Marjorie Prime


Add Jordan Harrison's Marjorie Prime to the pantheon of plays/movies/TV shows exploring the quickly evolving world of artificial intelligence. (Recent works that are also in there, in my opinion, The (curious case of the) Watson Intelligence and Ex Machina.)

At rise, we see Marjorie (the wonderful Lois Smith) talking to Walter (Noah Bean), her husband. Or, rather, Walter Prime, an AI robot version of her husband, as he looked when he was 30. Marjorie is elderly, and lost her husband about ten years ago. (The action of the play takes place in an unspecified time in the future; if you pay attention, though, you can pick up the little clues Harrison leaves, and guess that we're somewhere in the 2055-2060 range. Kudos to Laura Jellinek for her sparse and spacious natural futuristic set.) The fashionable thing to do in response to loss is, apparently, create a Prime, an AI version of your loved one, in order to provide companionship.

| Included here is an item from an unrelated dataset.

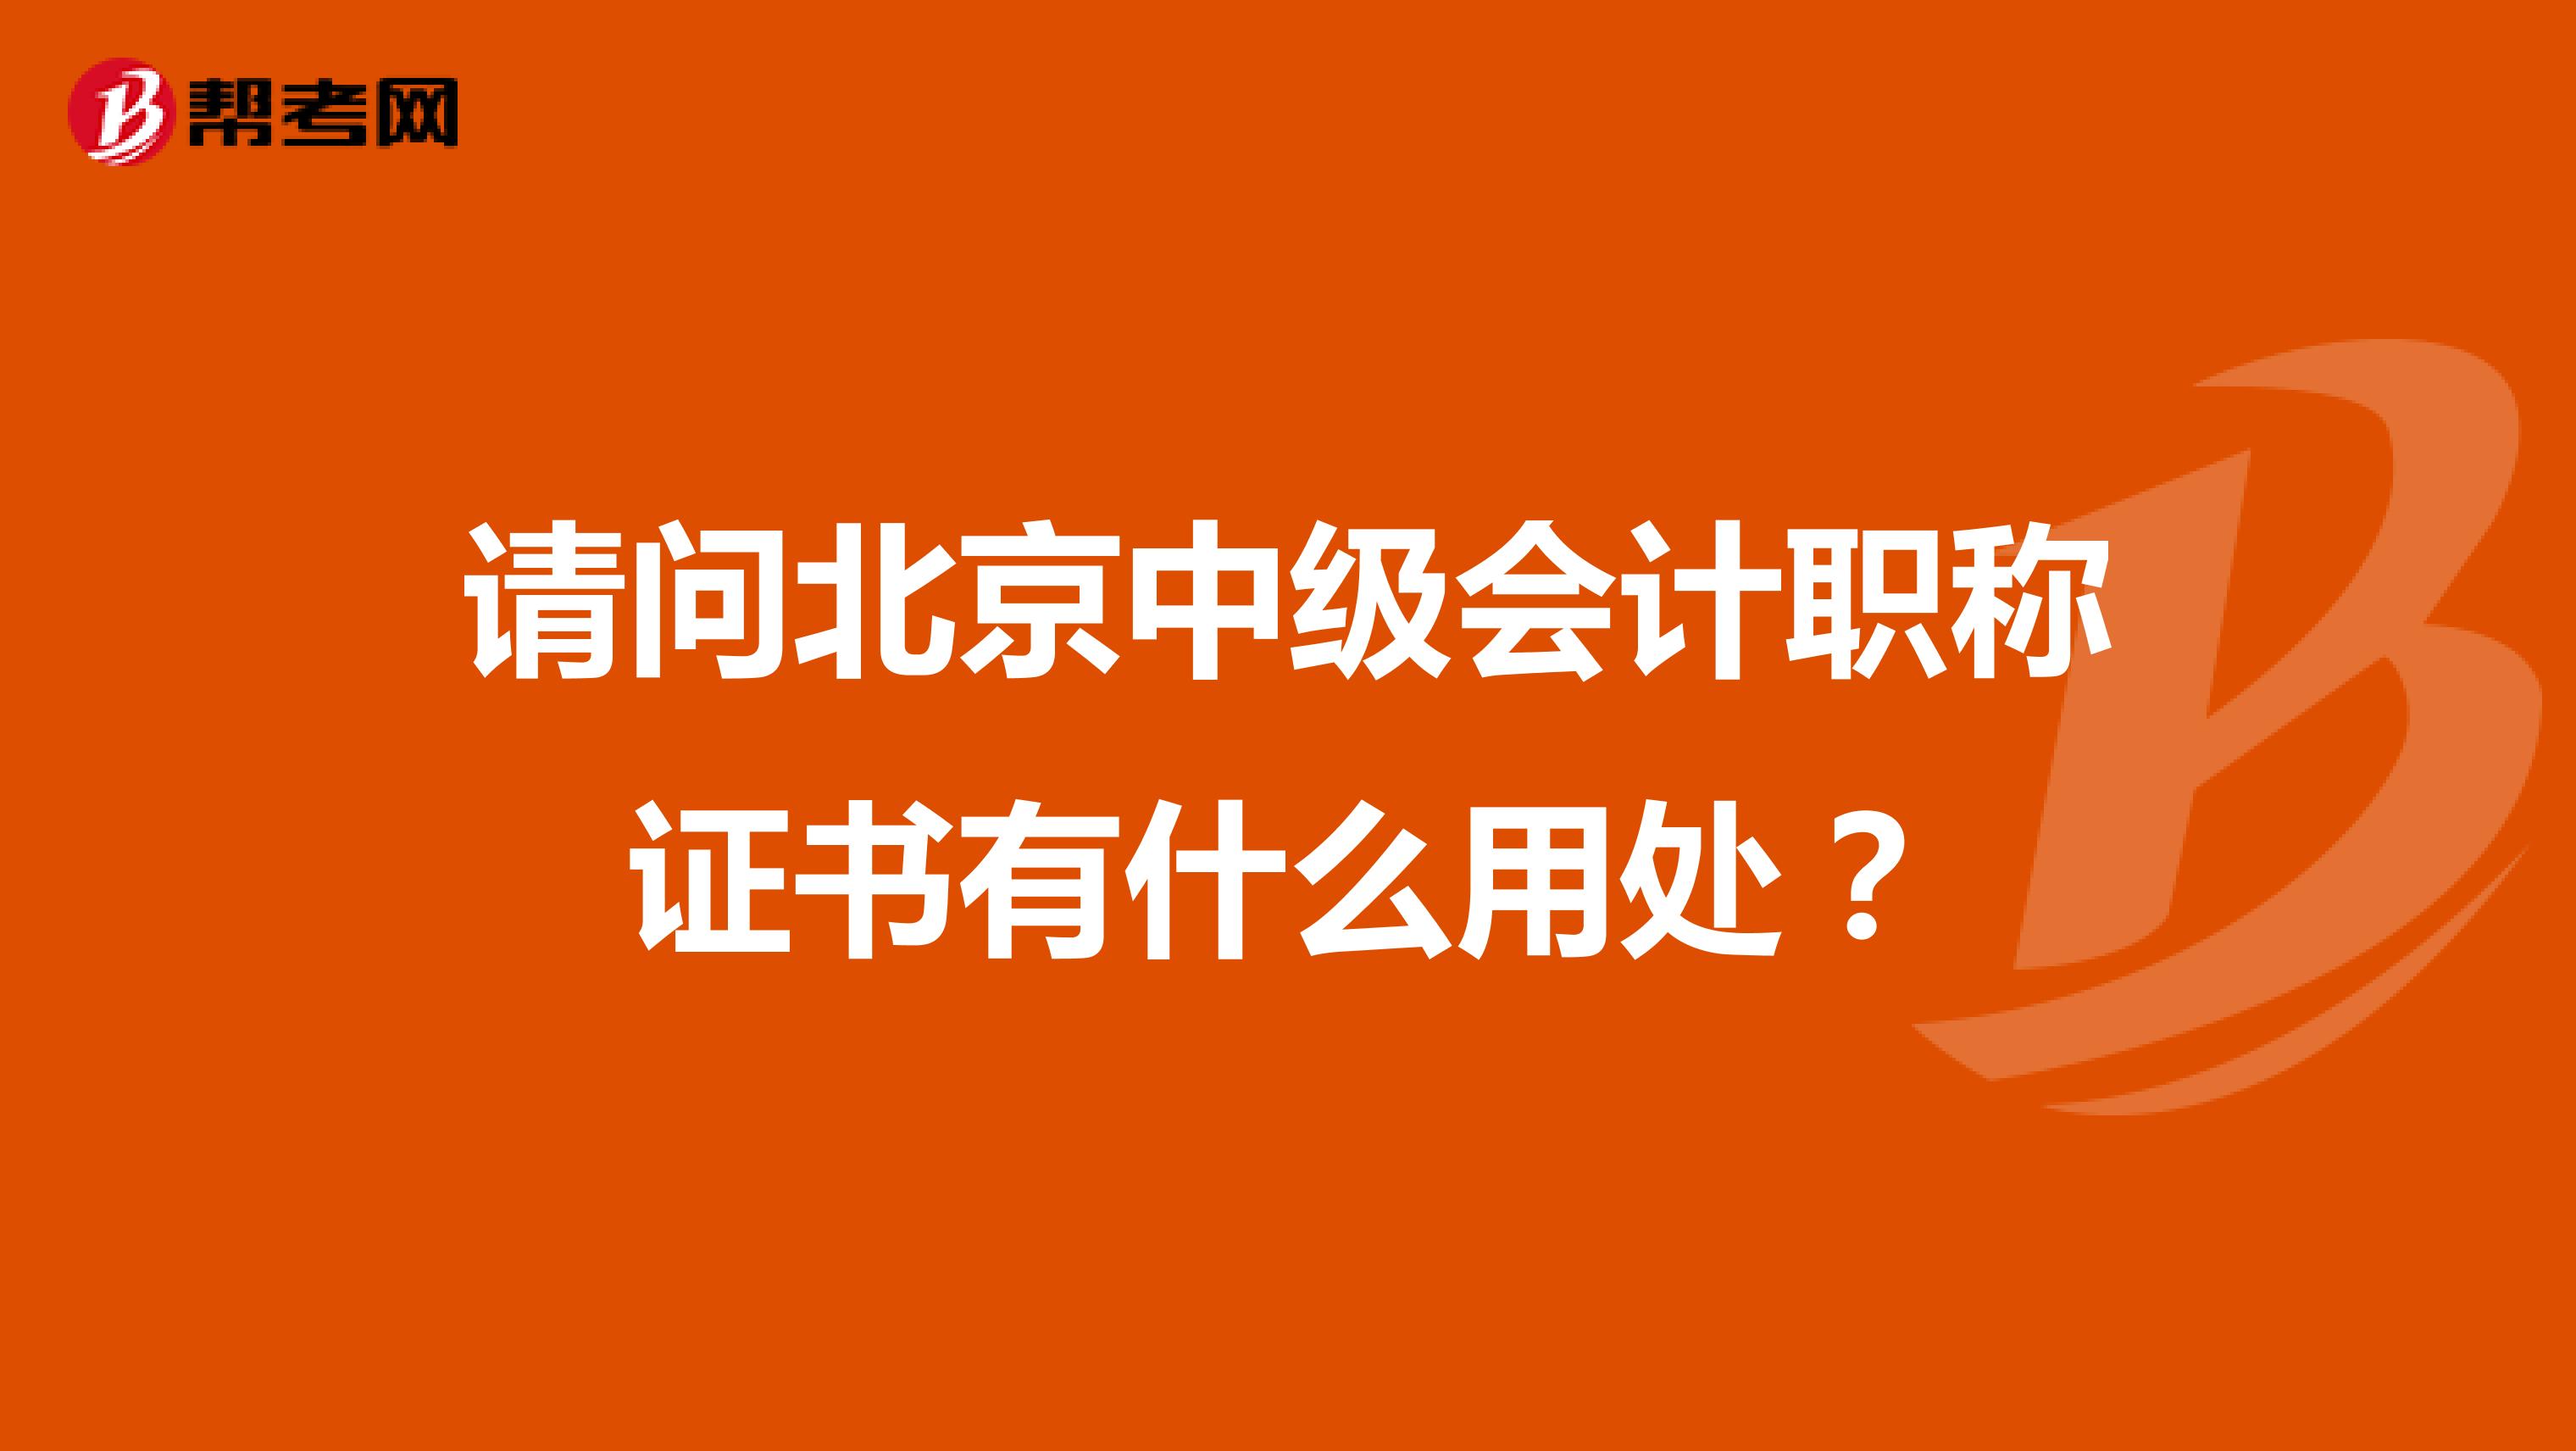 请问北京中级会计职称证书有什么用处？

You (and anyone else you choose) can talk with the Prime, and because it has AI, it learns about you. It retains facts and has the entirety of the Internet at its fingertips/motherboard, but it also learns about character quirks that make people human, offering something that approaches a semi-authentic interaction.

But that's the struggle. Marjorie's daughter, Tess (Lisa Emery), isn't quite on board with Walter Prime. When interacting with another Prime later on, Tess says, "Oh, no. You wouldn't respond like that." The Prime didn't get the information wrong, but the intention and delivery and color, everything that makes a human a human, was missing. Clearly, this Prime has some things to learn about this particular human's style. (The Prime responds with the robotic, "I'll remember that fact.")

It's utterly fascinating to think about AI, and what's so oddly discomfiting is the way AI is represented here. Typically, AI stories focus on the singularity and robots taking over. That's not what Marjorie Prime, directed with sensitivity by Anne Kauffman, is about. Indeed, Tess's husband, Jon (a wonderfully natural Stephen Root), champions the Primes, seeing them as allies. Yet, throughout the course of the play, sort of a sophisticated Turing Test, we wonder if the line between human intelligence and artificial intelligence is too blurred for its own good.

In the aforementioned The (curious case of the) Watson Intelligence, it was posited that connection is the highest form of human intelligence. We see Marjorie and others try to connect with the Primes, but then the Prime will say something like, "I don't have that information," which communicates "I don't know" in way that gives them away as a robot. And so can you actually connect? Toward the end, a Prime says, "How nice that we could love somebody." The Prime knows its human counterpart once loved because it's been told that, but can the Prime feel love?

The Primes know your stories, they know about you, but do they actually know you? And, if not, what's the virtue of having a Prime around? I wonder if I would feel companionship if I were constantly being reminded of the fact that I wasn't truly connected to this other mass in the room. It would almost be easier to stomach the robots-attack-humans arc, used in so many other AI stories, because that's clear cut. But the ambiguity of the Primes... I don't have that information.